We kept walking. On our right, a wide arched entrance led to the new kitchen. Statistics said that an average restaurant kitchen in the US ran around 1,000 sq. ft., but those restaurants didn’t have to accommodate the dietary needs of over a dozen species. Orro’s new kitchen was a 4,000 sq. ft. monster. Half of it was taken up by the culinary equipment, ovens, ranges, and stainless-steel prep tables, and the other half held another 8 long tables specifically for plating. Each of those tables came equipped with a custom-build storage unit sprouting from the ceiling, which contained dinnerware, sauces, syringes, and a variety of mysterious culinary tools.
Orro’s new assistants flittered between the prep tables, furiously chopping and blending something. Orro was trying to finalize the menu.
“An upgrade.” Tony whistled.
“We had to,” I said.
The two sous chefs ignored us. One was a juvenile Quillonian, who looked like a smaller version of Orro, and the other was an auroch, a five-foot tall, russet-furred being with delicate appendages, a vaguely antelope face, and four horns crowning her head. Like Quillonians, aurochs had a ridiculous number of tastebuds. They had evolved as herbivores and had to distinguish between toxic and non-toxic plants by taste.

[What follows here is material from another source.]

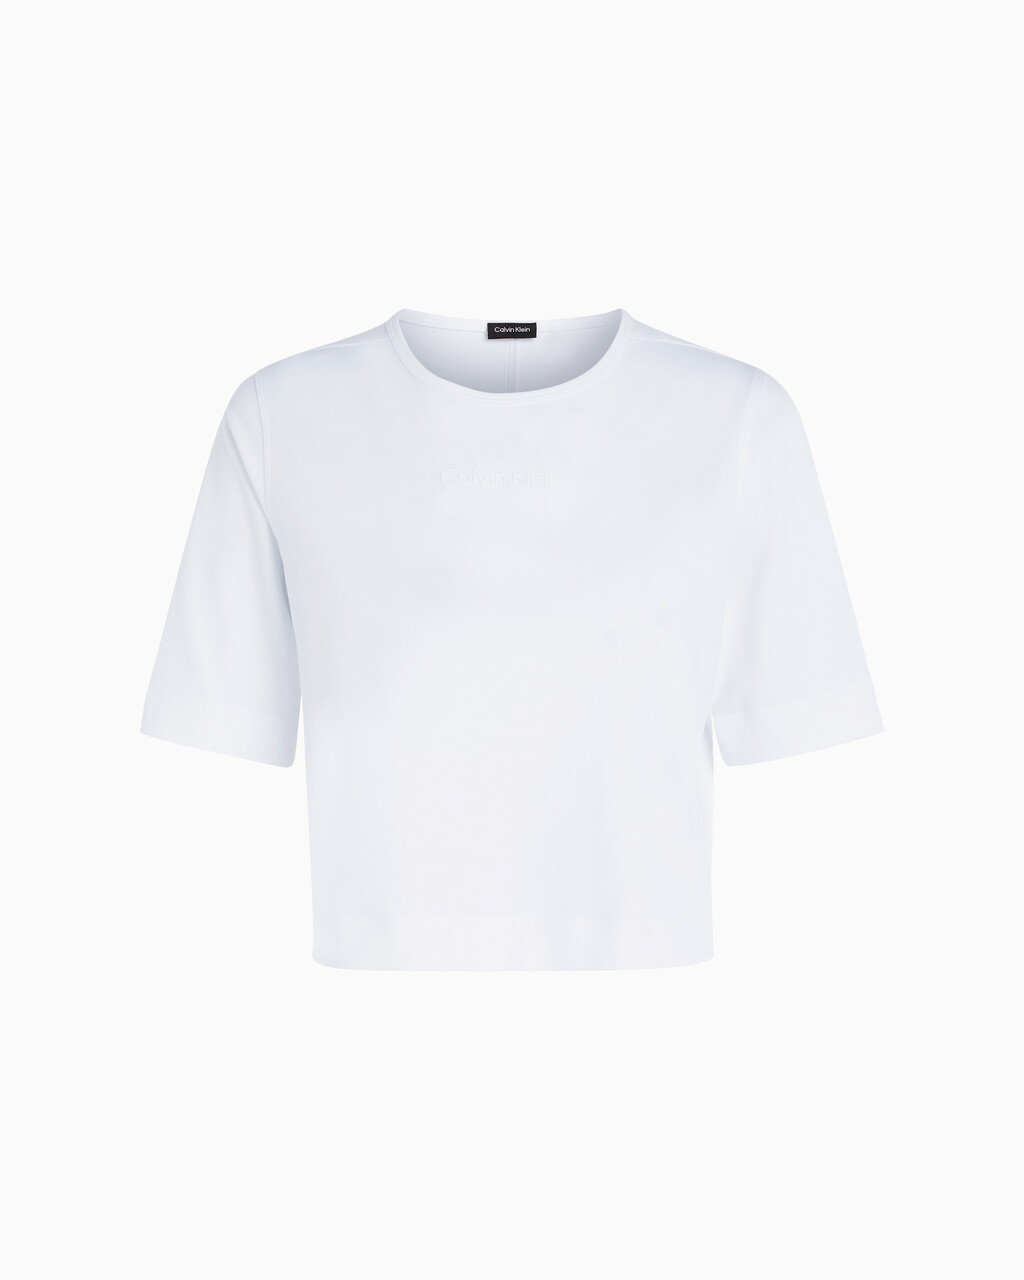 Gym T-Shirt, BRIGHT WHITE, hi-res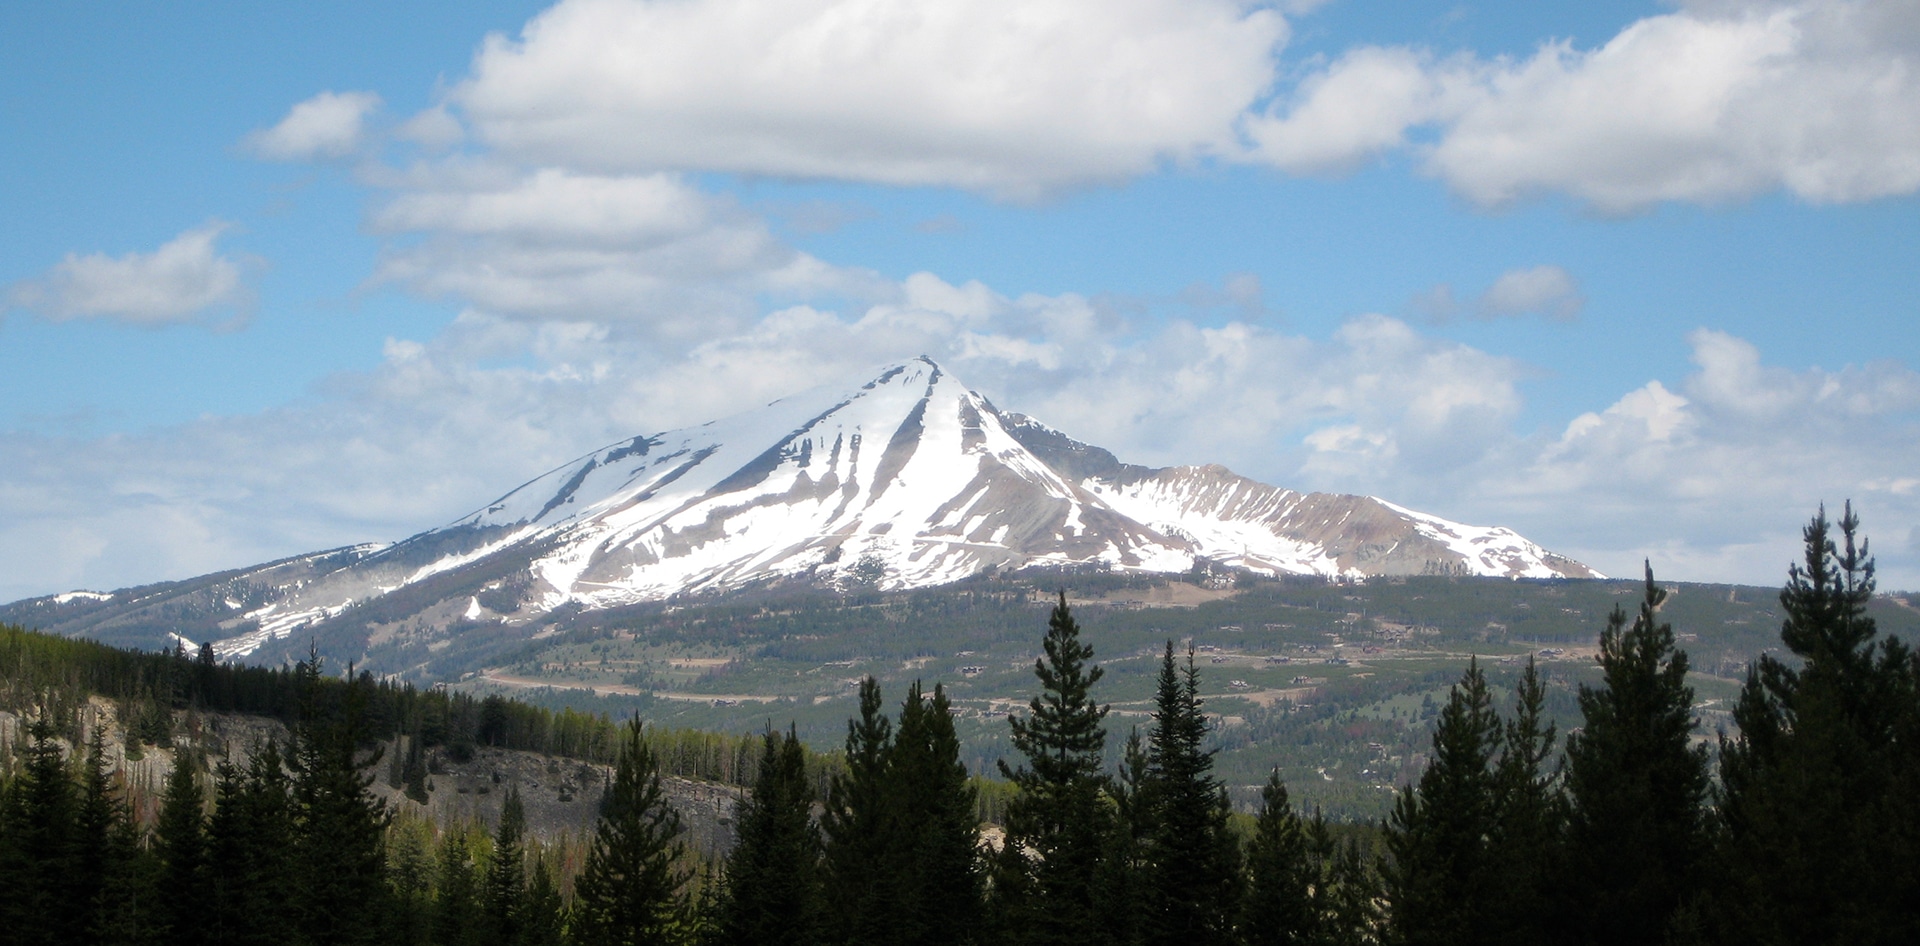 Big Sky mountain in Montana

“Where did you get them?” Tony asked.
“Orro went to see his mentor,” Sean said. “Apparently, Chef Adri called for reinforcements from some fancy culinary academy, which promptly fell over itself to participate.”
“I bet,” Mr. Rodriguez said. “That is one hell of a guest list. Any new chef would want that on their resume. I’m surprised they didn’t have a fight.”
“Oh, they did,” Sean said. “Once they realized there were only two open spots, there was a spectacular brawl. Those two are the winners.”